Свирин по-молодому вскочил, быстро прошёл сквозь сени на двор, через него – к воротам. Открыл калитку.
– Неси сдачу! – ликующе-высокомерно объявил ему голый по пояс парень.
Сперва Свирину показалось, что это тот же самый, что приходил вчера, правда, успевший остричься почти налысо. И лицо похоже, и голос, а вернее, манера говорить. Глаза мутные, без зрачков.
– В каком смысле – неси сдачу? – строго спросил Свирин.
– Деньги принёс – неси сдачу.
– А если нет сдачи?
– П-фу-у! – парень фыркнул. – У вас-то и нет сдачи?
– Молодой человек, что это за интонация вообще?..
Свирину хотелось многое сказать ему, но подошла мама.
– А, Саша, здравствуй.
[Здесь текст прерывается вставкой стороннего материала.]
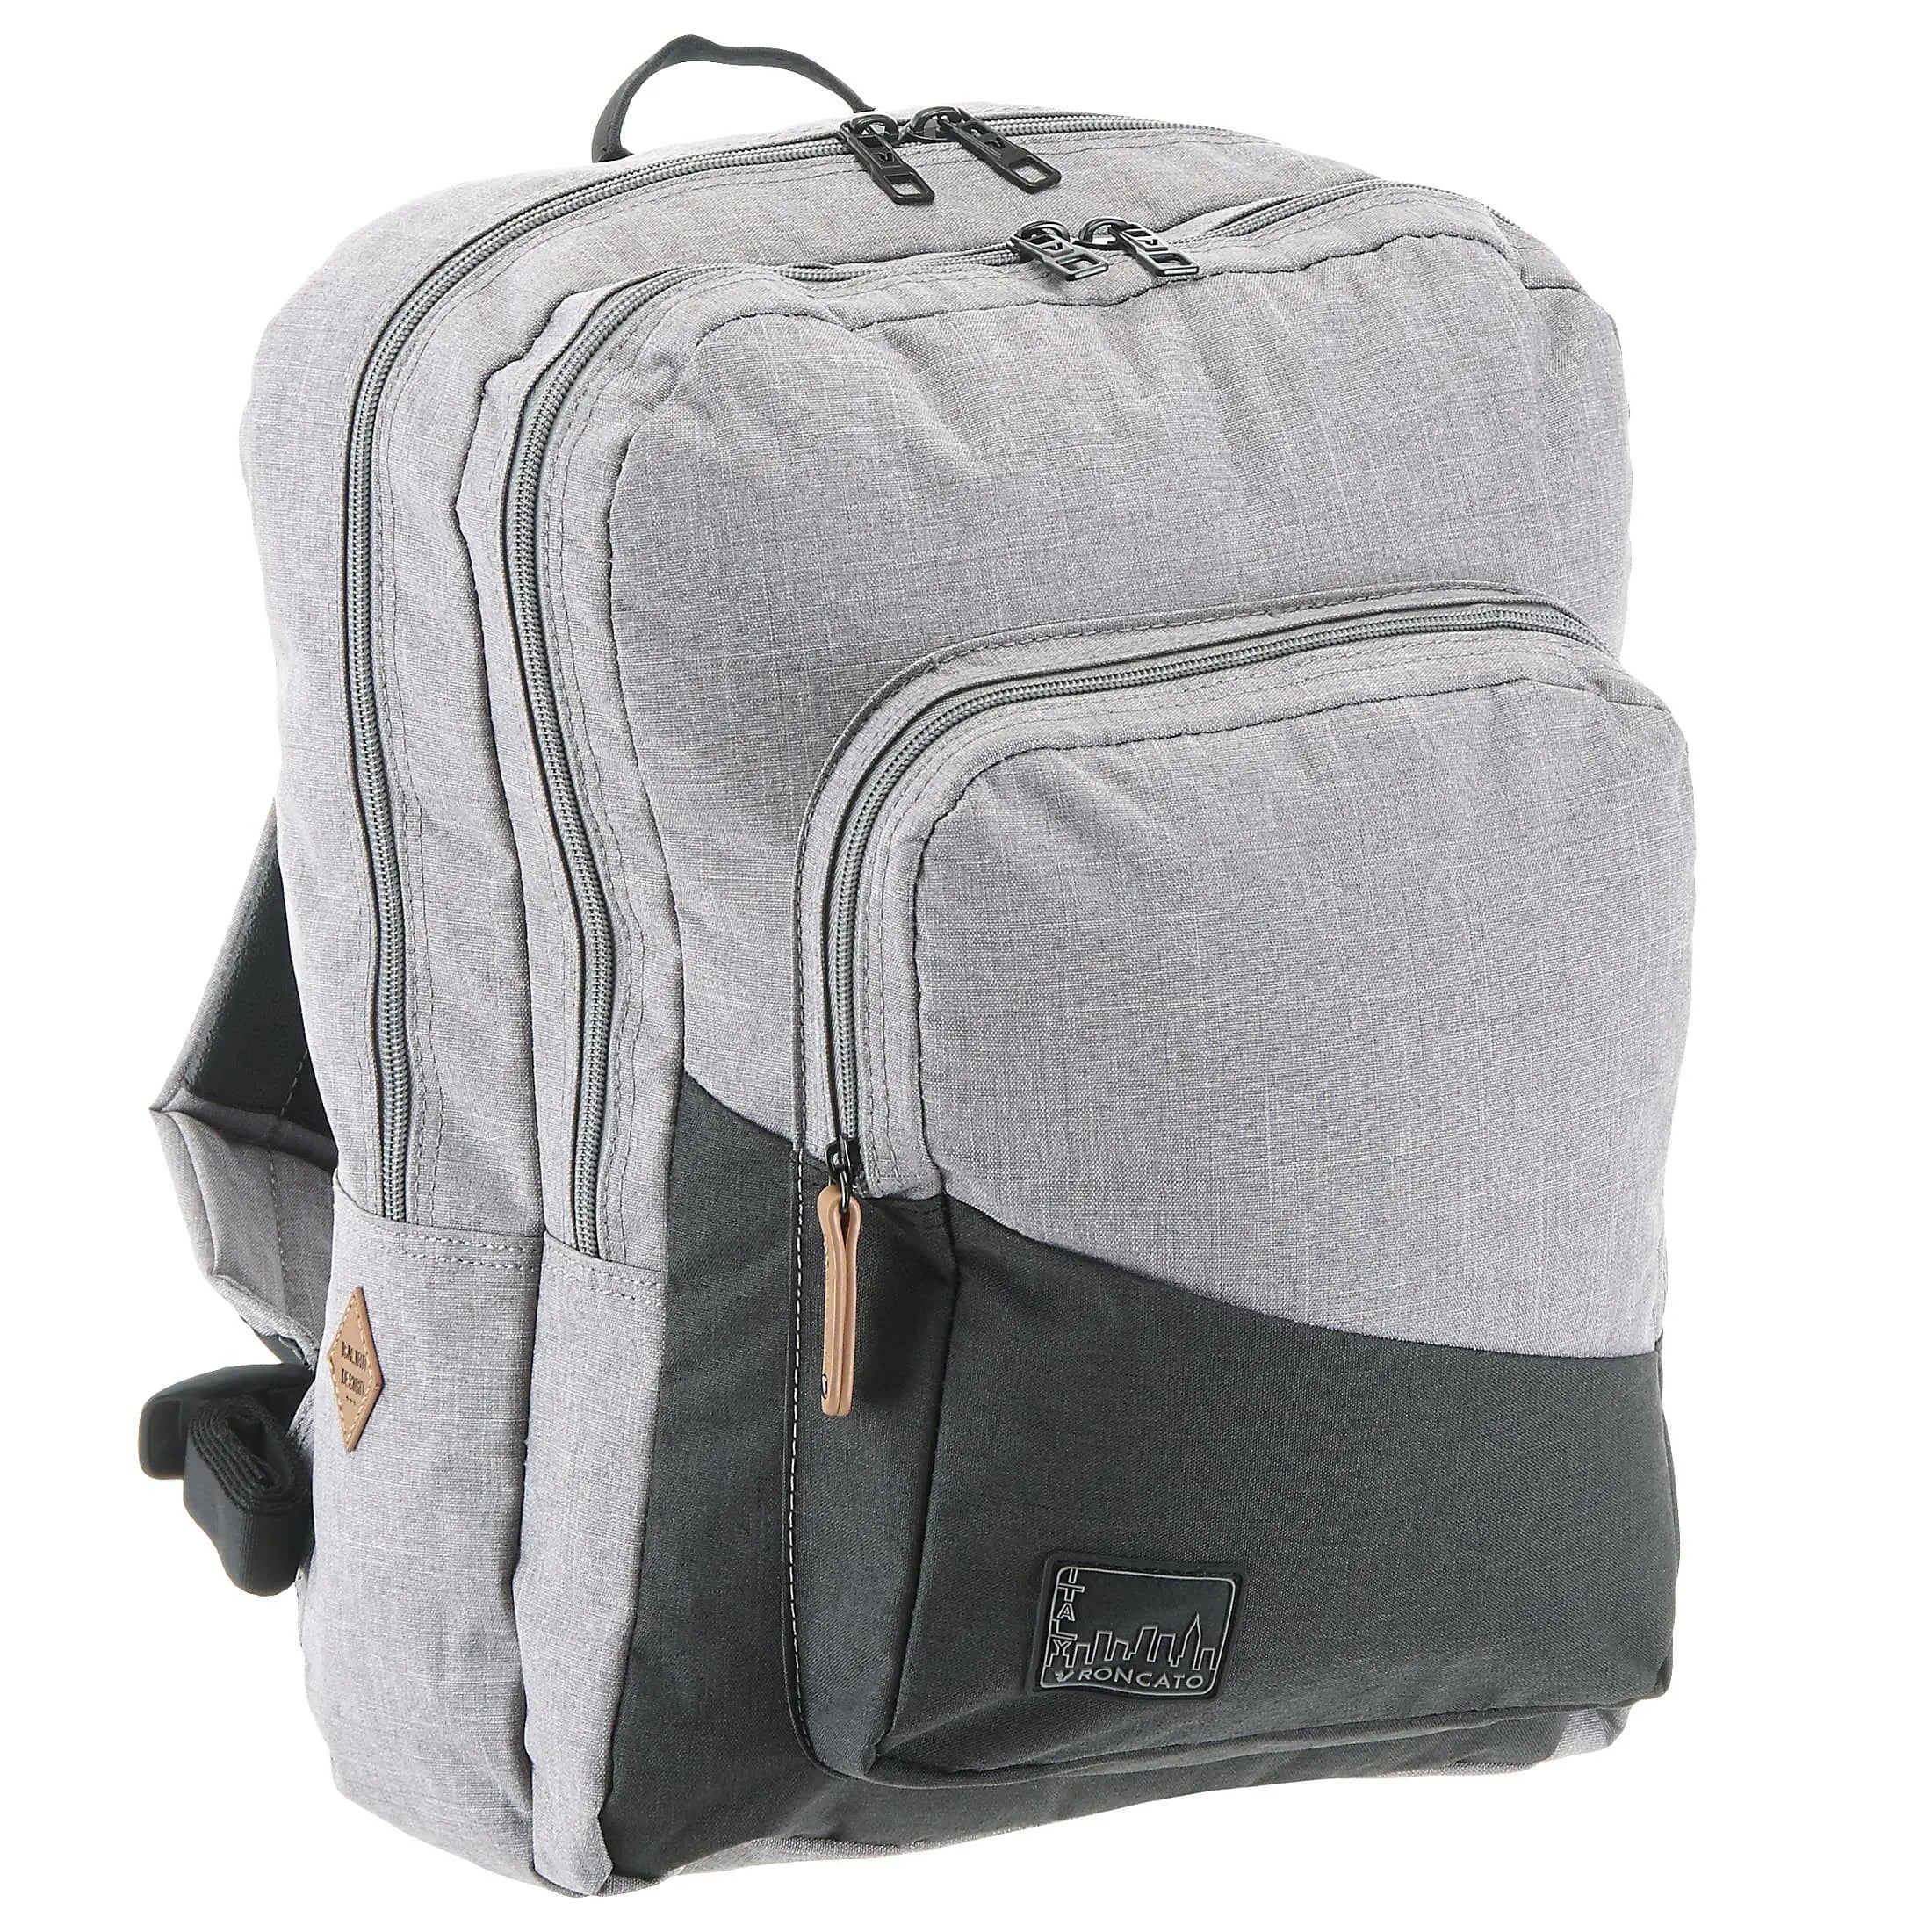 Roncato Adventure laptop backpack 40 cm - black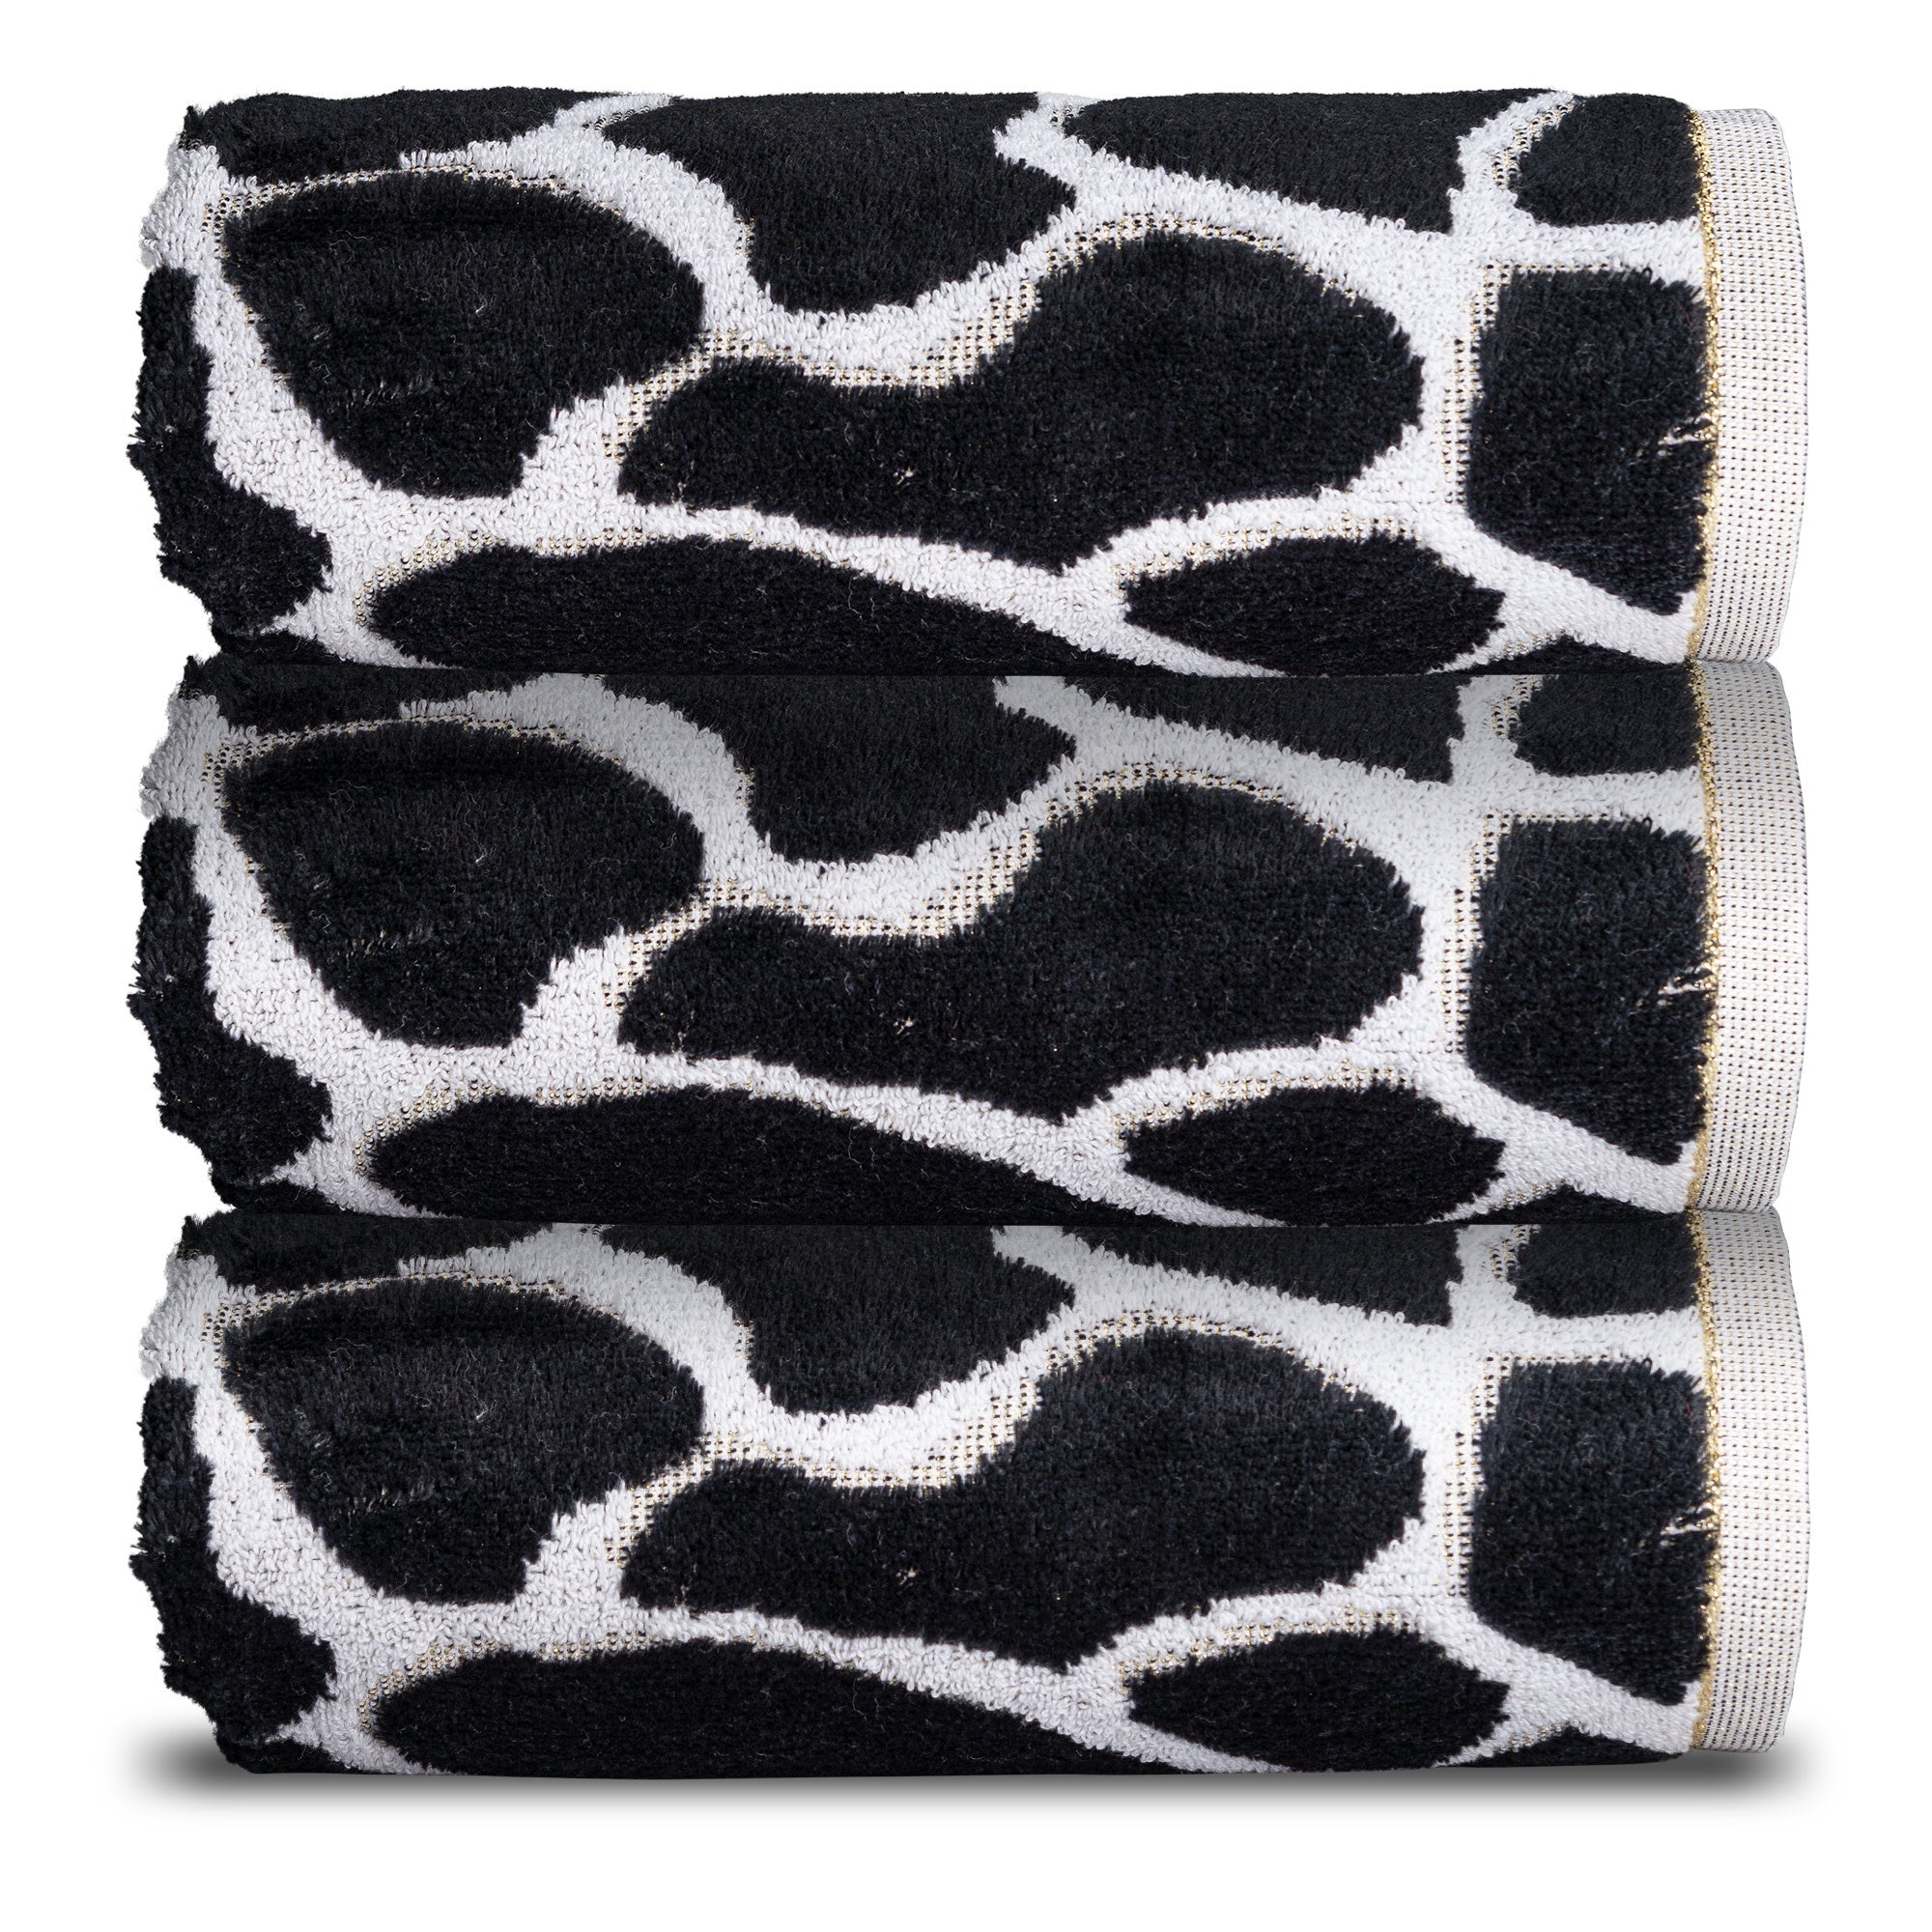 Leopard Towel Black

Что такое? – начала приветливо, заискивающе даже.
– Деньги принёс, тёть Галь, сдачу надо.
– Сейчас, сейчас. Со скольких сдачу?..
– Мама, что происходит? – Свирин был поражён. – Это он у тебя занимал или ты у него?
– Олег, иди в дом.
Она сказала это так категорично, как раньше, когда Свирин-ребёнок в чём-нибудь провинялся. И он послушно ушёл.
Мама вернулась минут через пять, села за стол. К Свирину уже вернулась его взрослость, и он повторил:
– Как это понимать? Кто это вообще?
– Вали Тяповой муж. Деньги вернул.
– У неё, кажется, другой был…
– Петрунин? Он сбежал. А Саша – хороший.
– Да уж! Я бы ему ответил на его «неси сдачу». Ну вот прямо взял и побежал за сдачей. Даже ведь не поздоровался!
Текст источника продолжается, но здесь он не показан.